Хоремхеб был грустен и подпирал голову рукою. Морщины, прочерченные войною, пролегли на его лице, и в глазах его не было радости, когда он говорил:

– Воистину мир был другим, когда мы были мальчишками и когда бедняки получали свою меру полной, так что масла и жира всегда было вдоволь в глиняных мазанках. Но старые времена вернутся вместе со мной, Синухе, и Египет вновь станет обильным плодами и богатым, и я опять буду посылать свои корабли в Пунт. Я возобновлю работы в каменоломнях и заброшенных рудниках, чтобы возвести храмы величественнее прежних и собрать в царские сокровищницы золото, серебро и медь. Воистину через десять лет ты не узнаешь Египет, Синухе, потому что не найдешь больше в земле Кемет ни нищих ни калек. Слабые не должны мешаться, стоя на дороге у сильных и жизнеспособных, и я выпущу слабую и больную кровь Египта, как уничтожу беззаконие и грабительство, ибо египетский народ должен стать могучим и крепким народом, который мой сын сможет повести на войну для уничтожения мира!

Но я не обрадовался его словам, от которых внутренности в животе моем упали к коленям, а сердце сжалось как от холода. Я не улыбался и стоял перед ним молча. Это рассердило его, он нахмурился и, похлопывая золотой плеткой по ляжке, сказал:

– Ты все такая же кислятина, как и прежде, Синухе, и подобен бесплодной колючке в моих глазах. Я не понимаю, почему я решил, что твой вид доставит мне такую радость. Я призвал тебя к себе самым первым, не успев еще взять на руки сыновей и обнять свою супругу Бакетамон, потому что война сделала меня одиноким и одиночество определено мне властью, так что в Сирии у меня не было никого, с кем я мог бы поделиться своей радостью или печалью, и, разговаривая, я должен был взвешивать каждое свое слово и всегда думать о том, чего я хочу от этого человека. Но от тебя, Синухе, я не хочу ничего, кроме твоей дружбы. Похоже, однако, что дружеские чувства твои угасли и ты ничуть не рад видеть меня.

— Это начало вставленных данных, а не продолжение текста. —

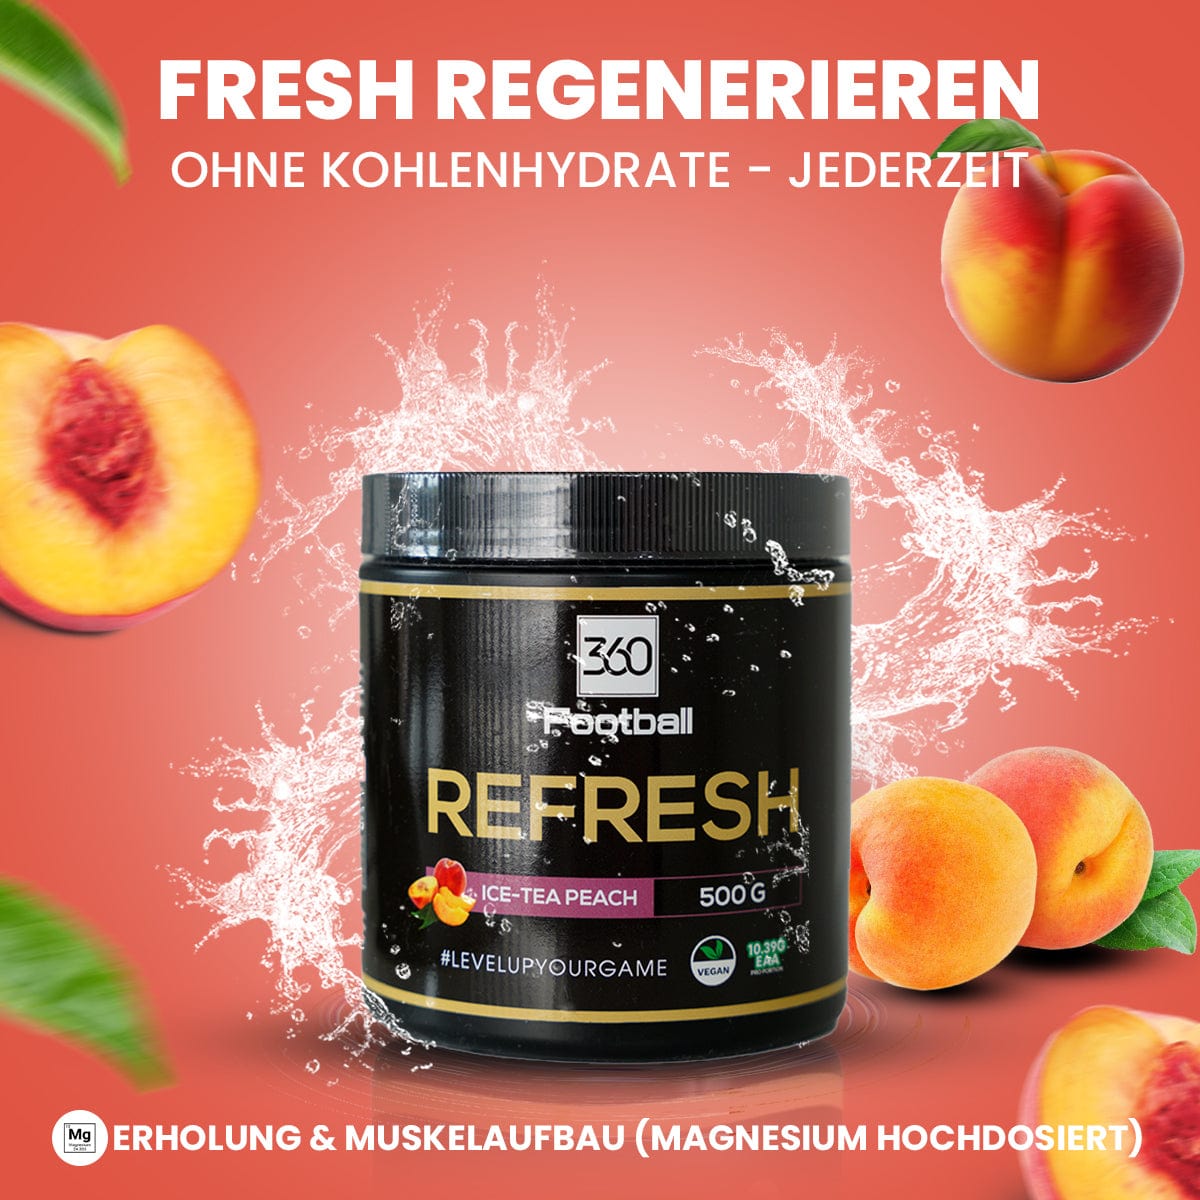 Der Refresh360 mit einer Ice-Tea Peach Grafik im Hintergrund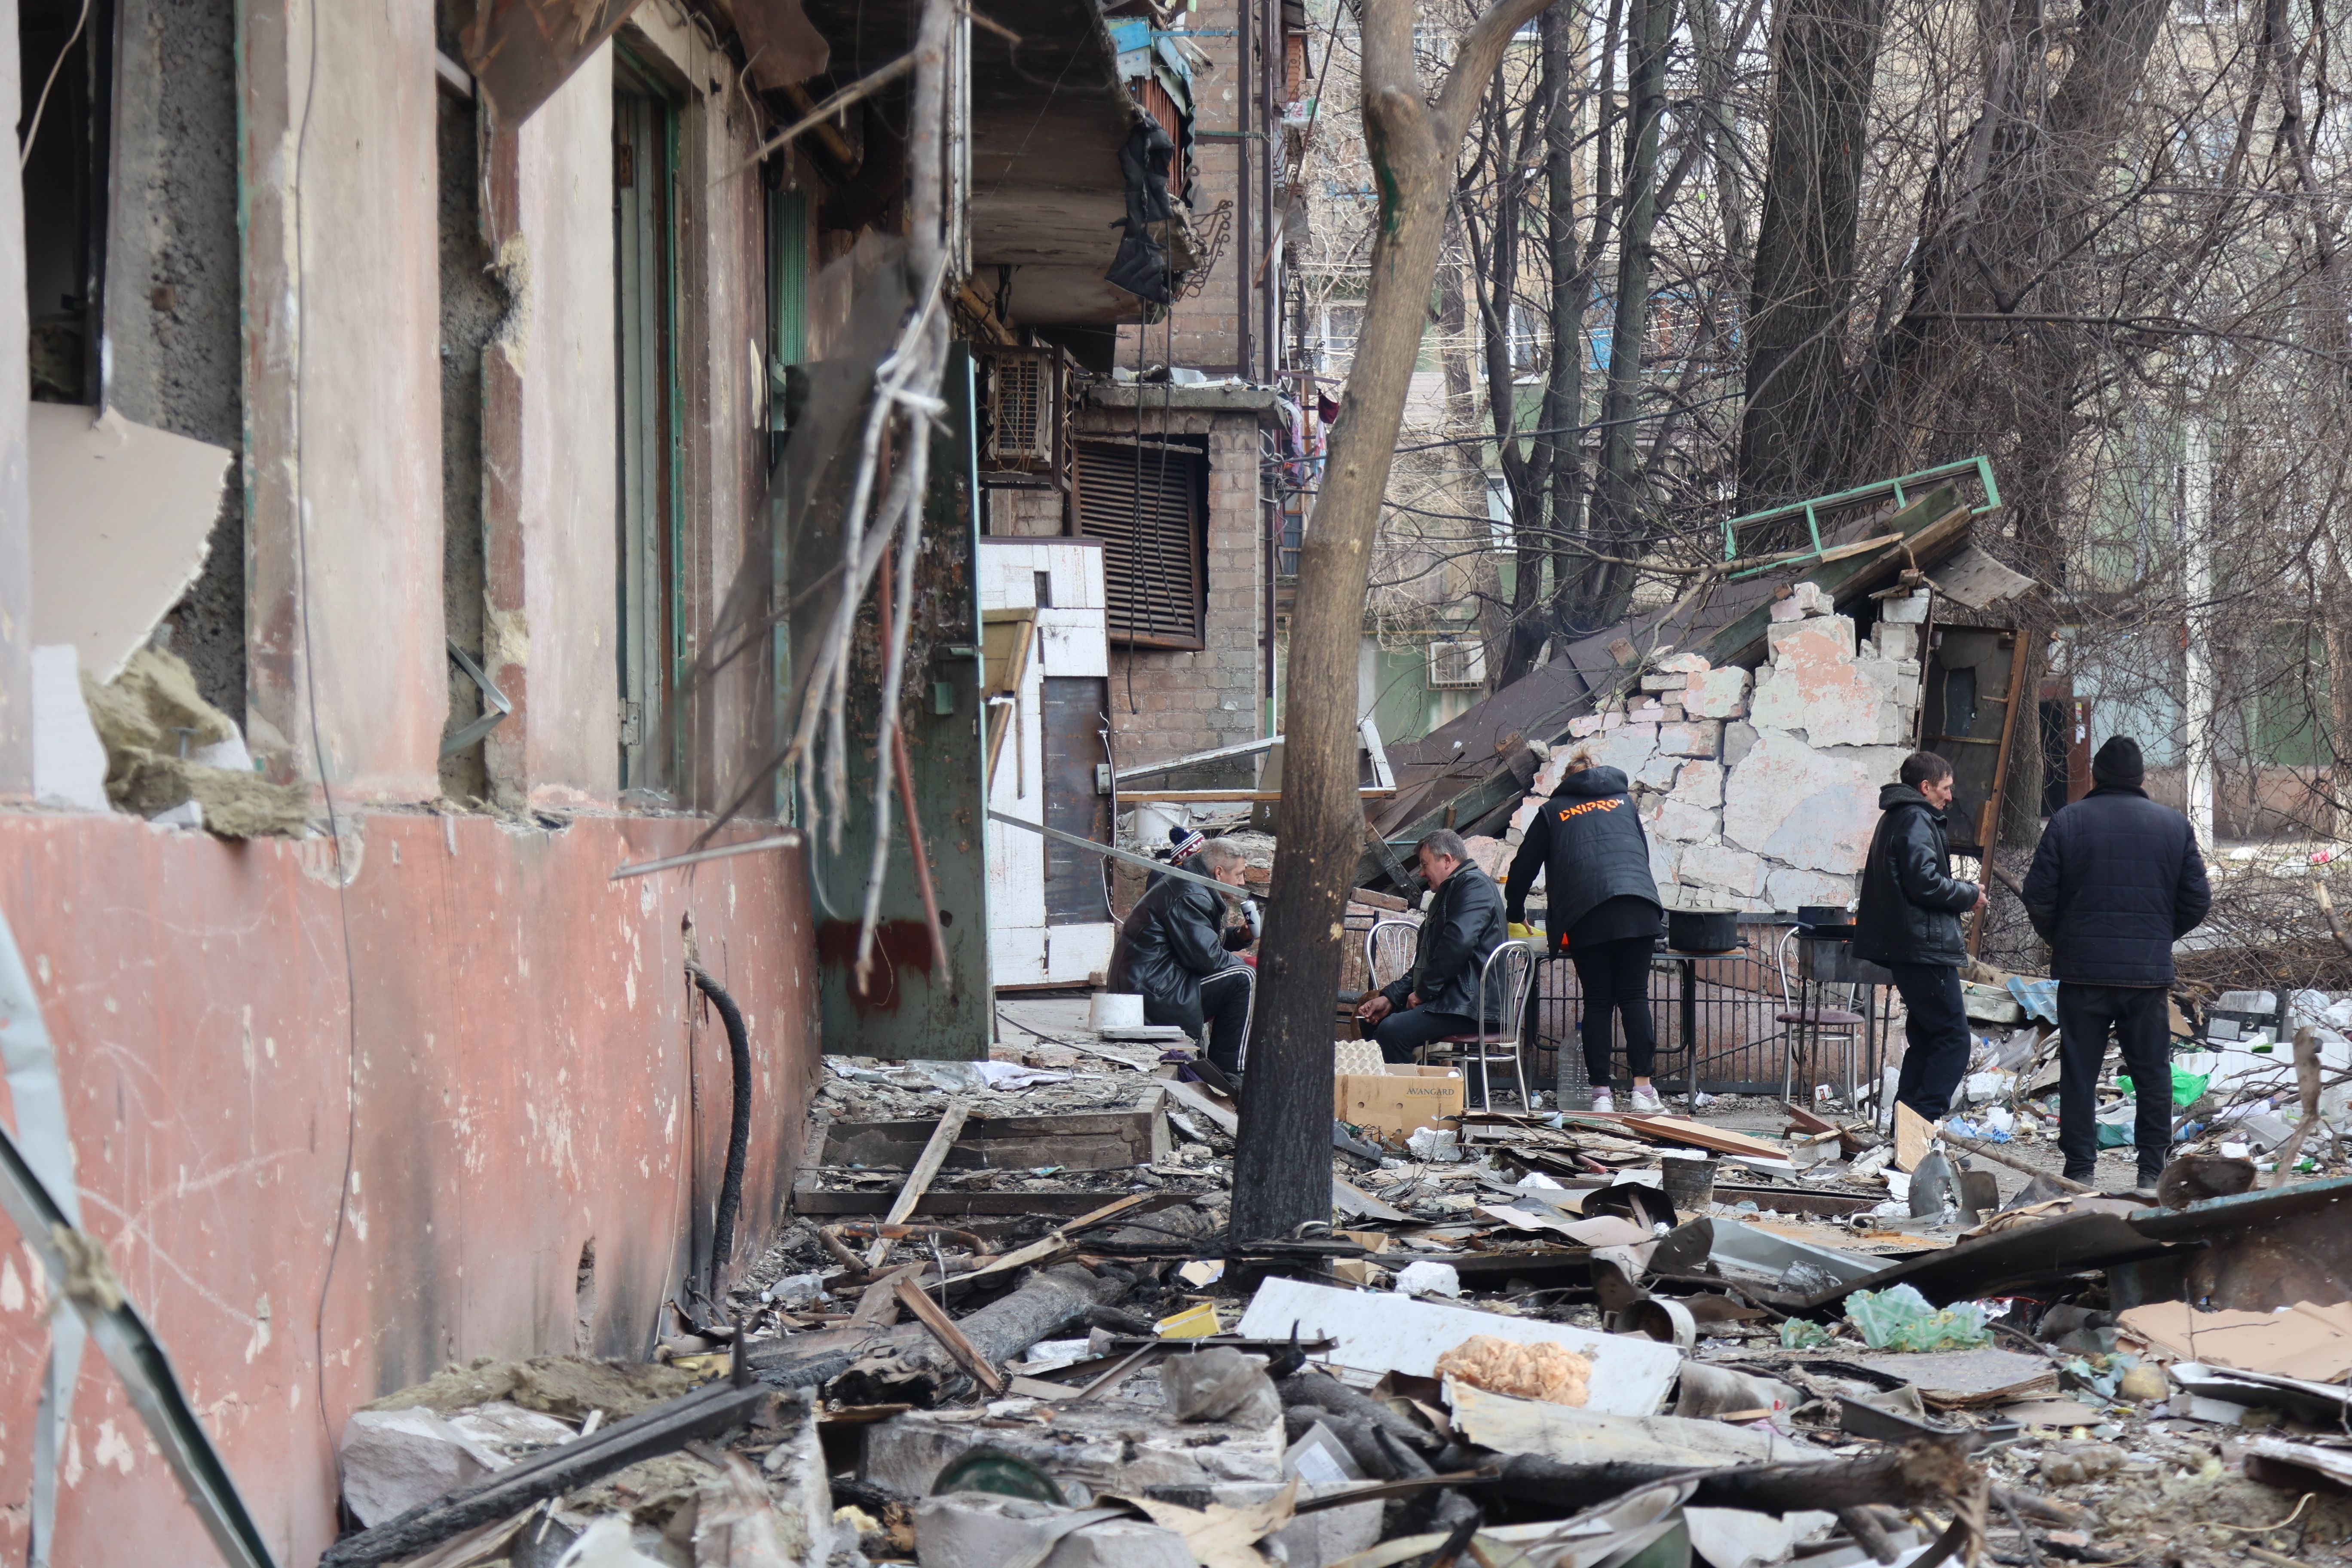     منظر لمباني ومركبات تضررت بعد قصف مدينة ماريوبول الأوكرانية في 29 آذار / مارس ، التي يسيطر عليها الجيش الروسي والانفصاليون الموالون لروسيا.

Я склонился перед ним в глубоком поклоне, и мое одинокое сердце воззвало ко мне ради него. Я сказал:

– Хоремхеб, из всех друзей нашей юности ты единственный, оставшийся в живых после всего, что было. Я всегда буду любить тебя. Теперь власть в твоих руках, и скоро ты возложишь на свою голову оба царских венца, и никто не сможет посягнуть на твой трон. Поэтому молю тебя, Хоремхеб, верни Атона! Ради нашего общего друга Эхнатона, верни его! Ради нашего общего ужасного преступления, верни его, чтобы все народы стали братьями, чтобы не было различия между человеком и человеком и чтобы никогда больше люди не воевали!

Услышав это, Хоремхеб жалостно покачал головой:

– Ты все такой же глупец, Синухе, каким и был! Как ты не понимаешь, что Эхнатон кинул камень в воду и взбаламутил ее, а я ее успокоил, так что поверхность скоро станет гладкой, словно никакого всплеска вовсе не было. Неужели ты не понимаешь, что это мой сокол привел меня в Золотой дворец к Эхнатону в ночь смерти Великого фараона, дабы не сокрушился Египет, но сохранился и после его смерти, потому что богам не угодно было, чтобы царство Египетское распалось. Поэтому я верну былое – настоящим человек никогда не бывает доволен, только прошлое хорошо в его глазах и еще – будущее. И я соединю прошлое с будущим. Я выжму богатеев, слишком раздобревших, и выжму богов, потучневших не в меру, так, чтобы в моем государстве богатые не были чрезмерно богаты, а бедные не были чрезмерно бедны и чтобы ни один человек и ни одно божество не могли тягаться со мною властью. Впрочем, я напрасно говорю это тебе, человеку, который не может понять моих мыслей и чьи собственные мысли ничтожны и слабы, а у слабости и бессилия нет права на жизнь в этом мире, слабые будут затоптаны ногами сильных, и это справедливо. Так же затоптаны будут и слабые народы крепконогим и сильным народом, ибо больший всегда отбирает часть у меньшего. Так было, и так будет вовеки.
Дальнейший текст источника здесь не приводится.